_Prompt_
Only some lines are wanted: please transcribe exactly those from the one containing "Картинки лекарственные растения" through the end of the data, pictures excluded.

_Information shown_
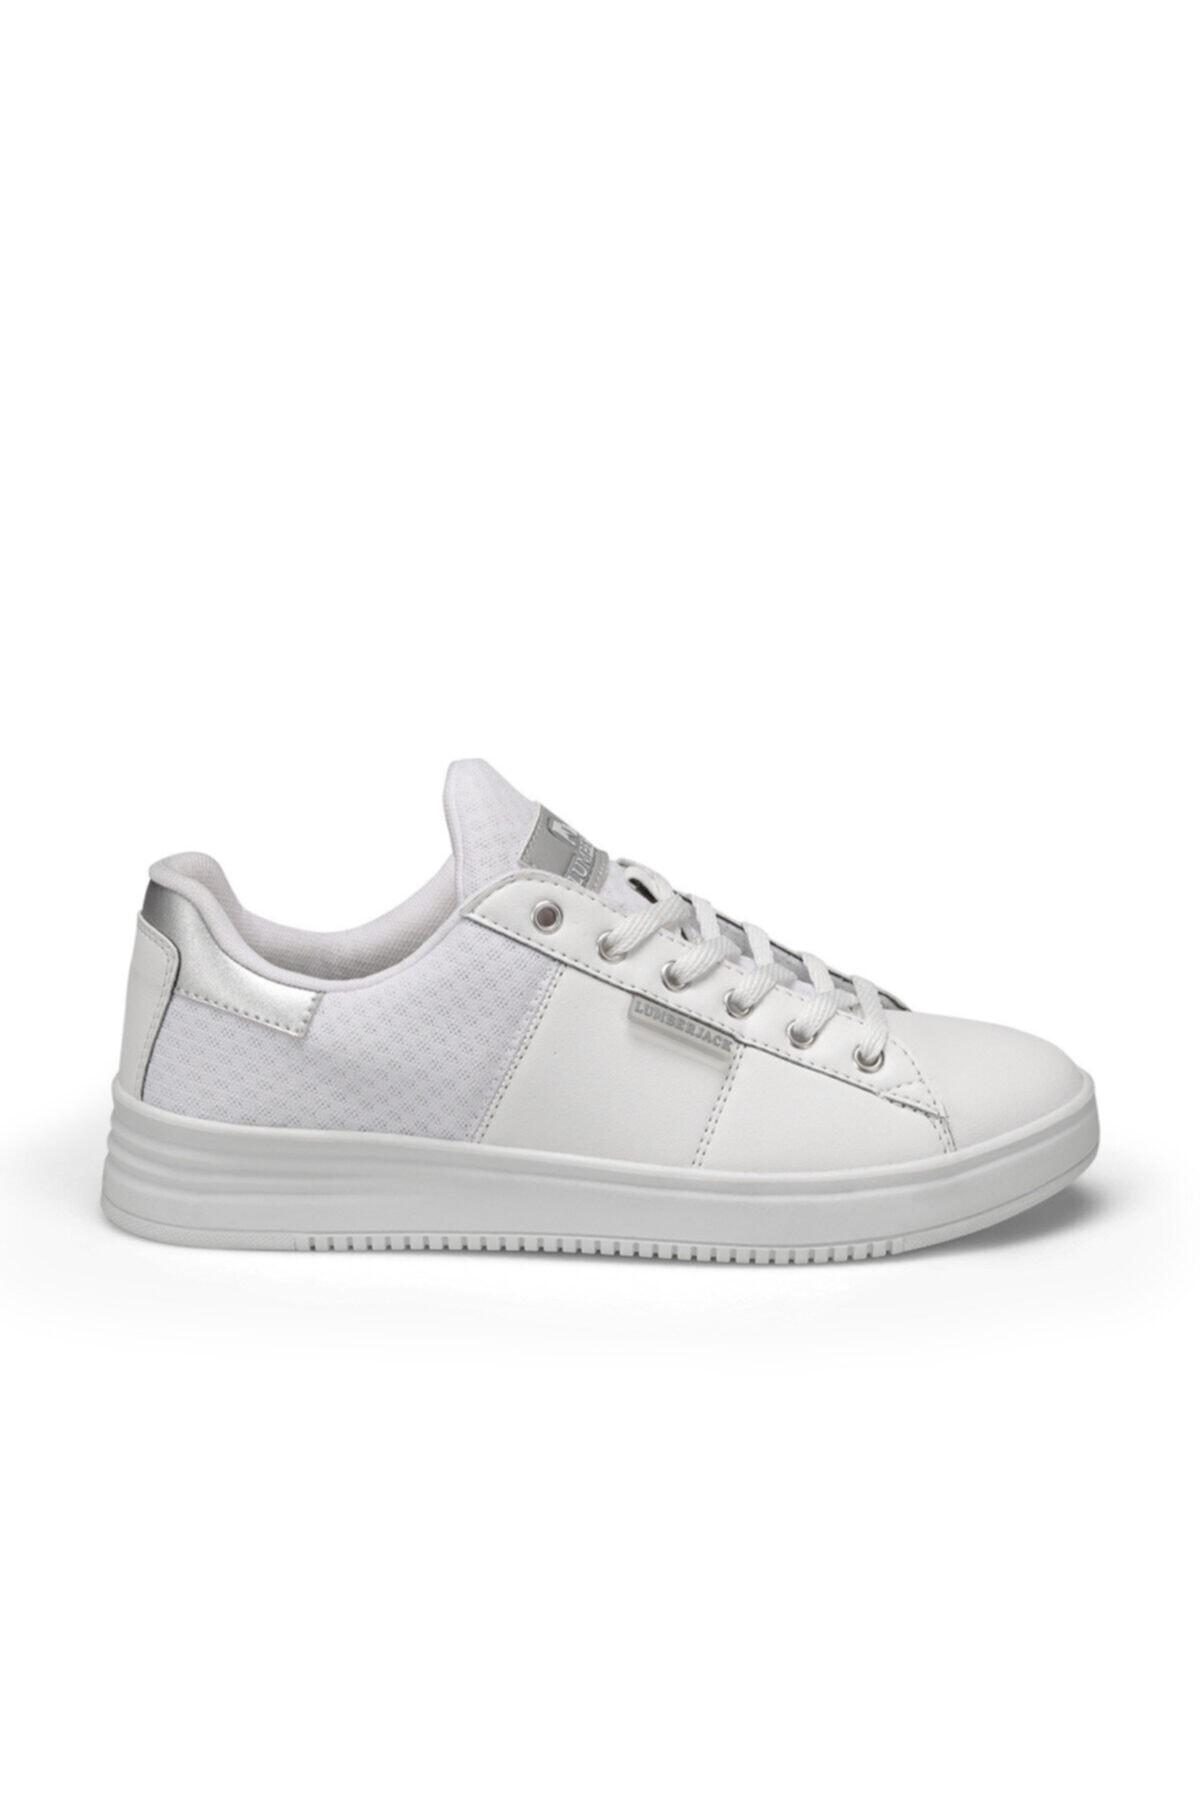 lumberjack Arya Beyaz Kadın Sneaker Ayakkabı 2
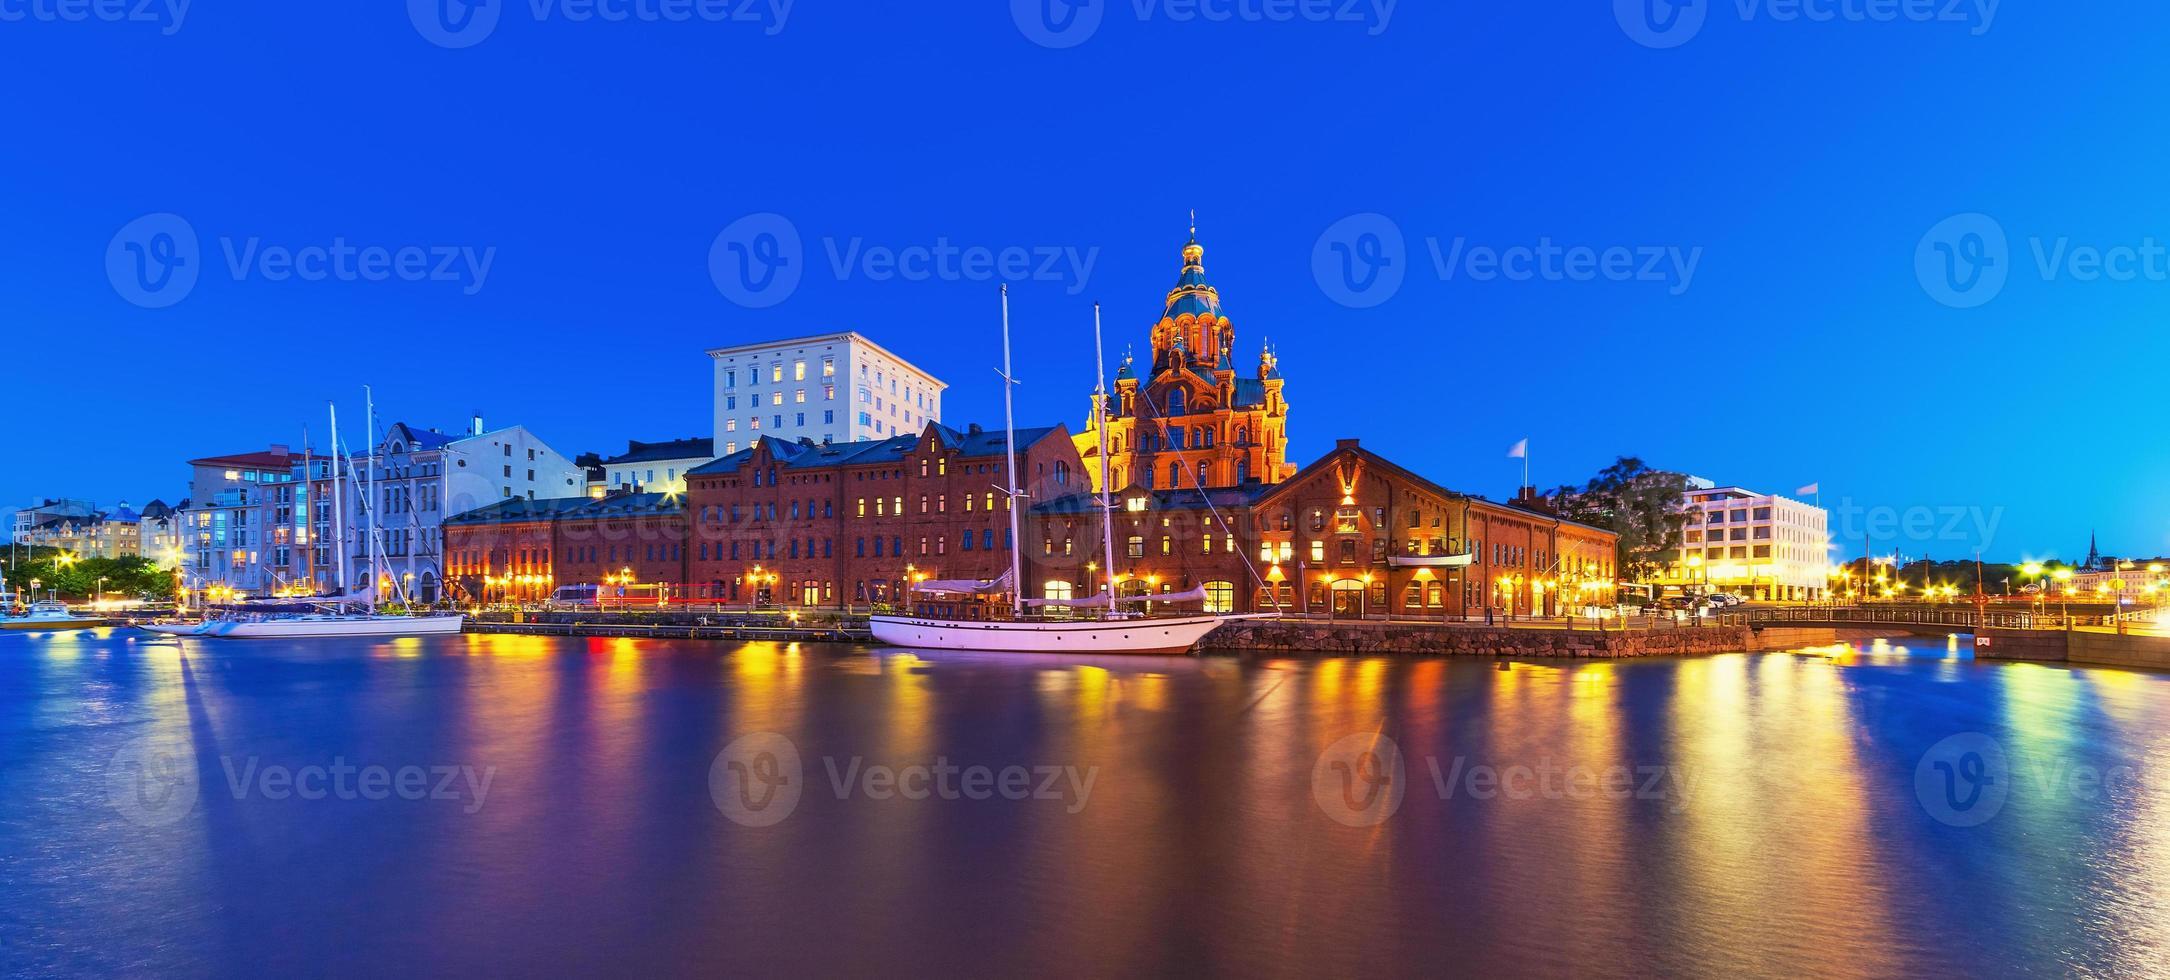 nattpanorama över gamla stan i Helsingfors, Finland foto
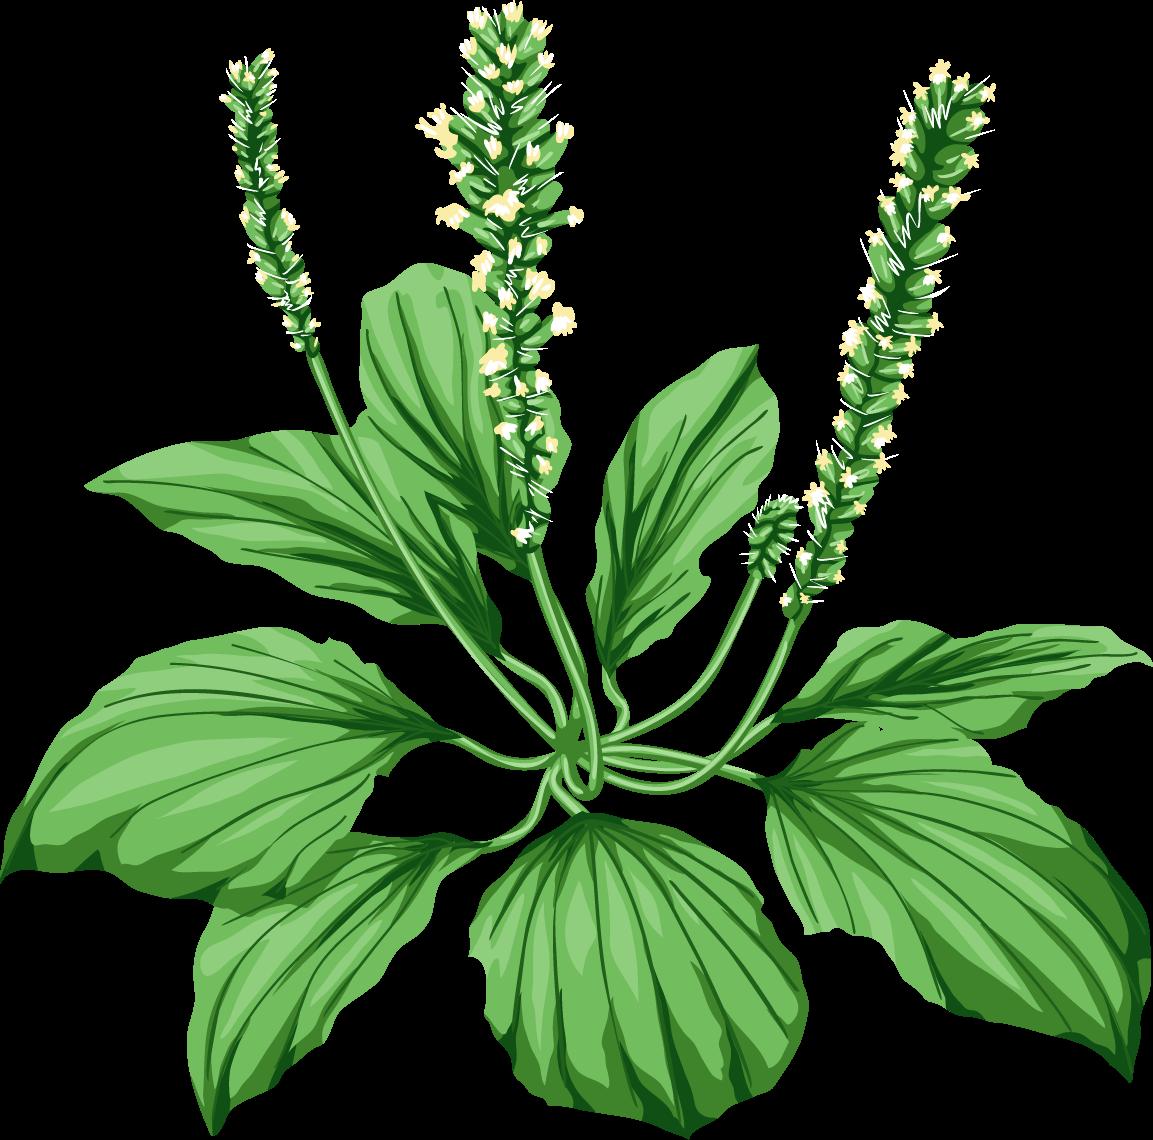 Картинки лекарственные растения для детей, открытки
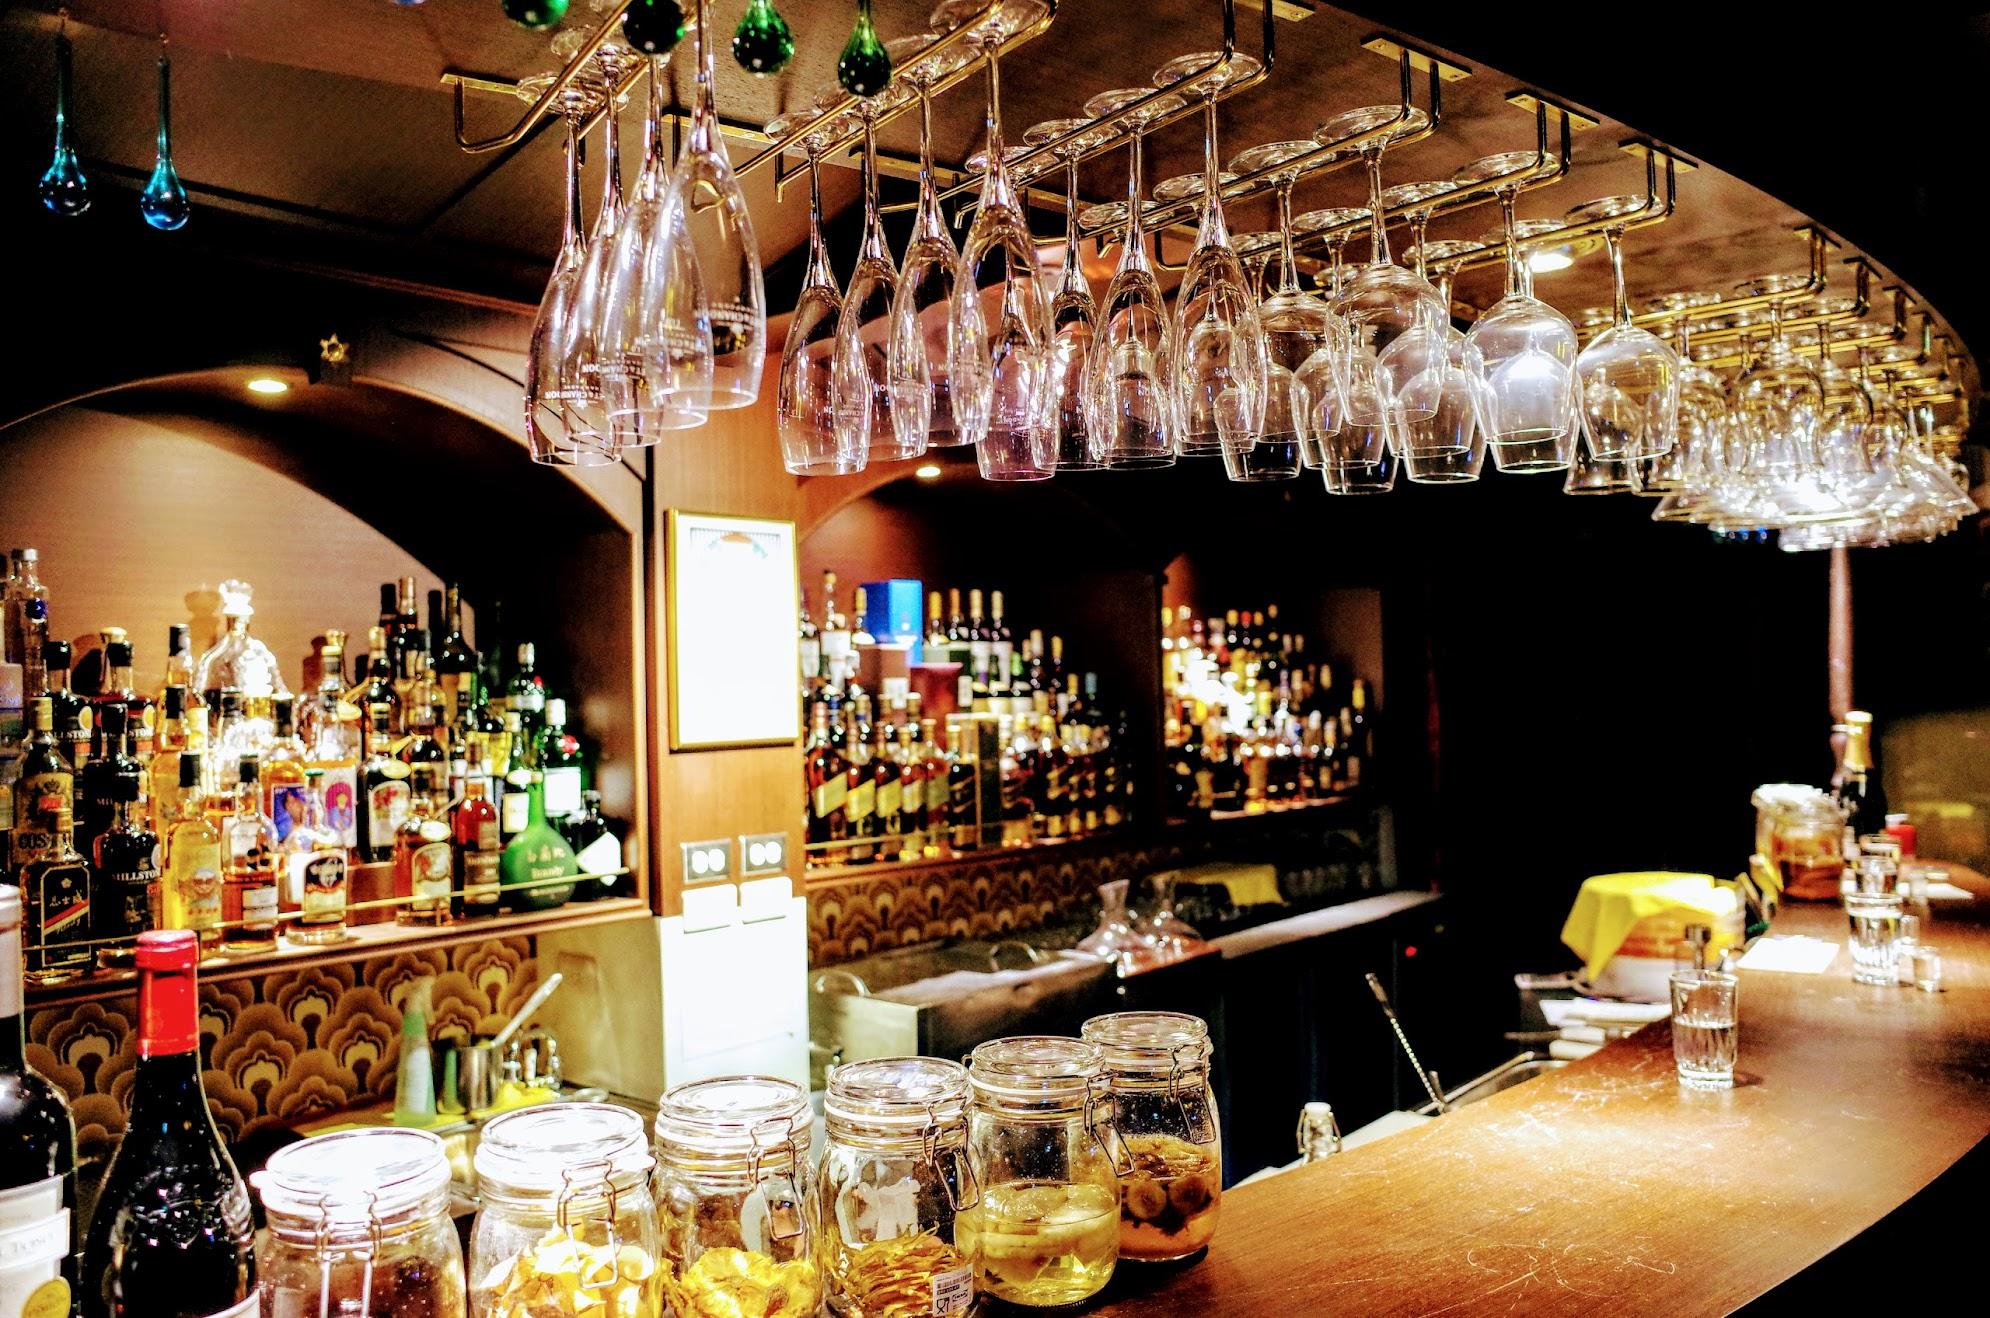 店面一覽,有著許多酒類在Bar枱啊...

_Reply to the task_
 Картинки лекарственные растения для детей, открытки
 店面一覽,有著許多酒類在Bar枱啊...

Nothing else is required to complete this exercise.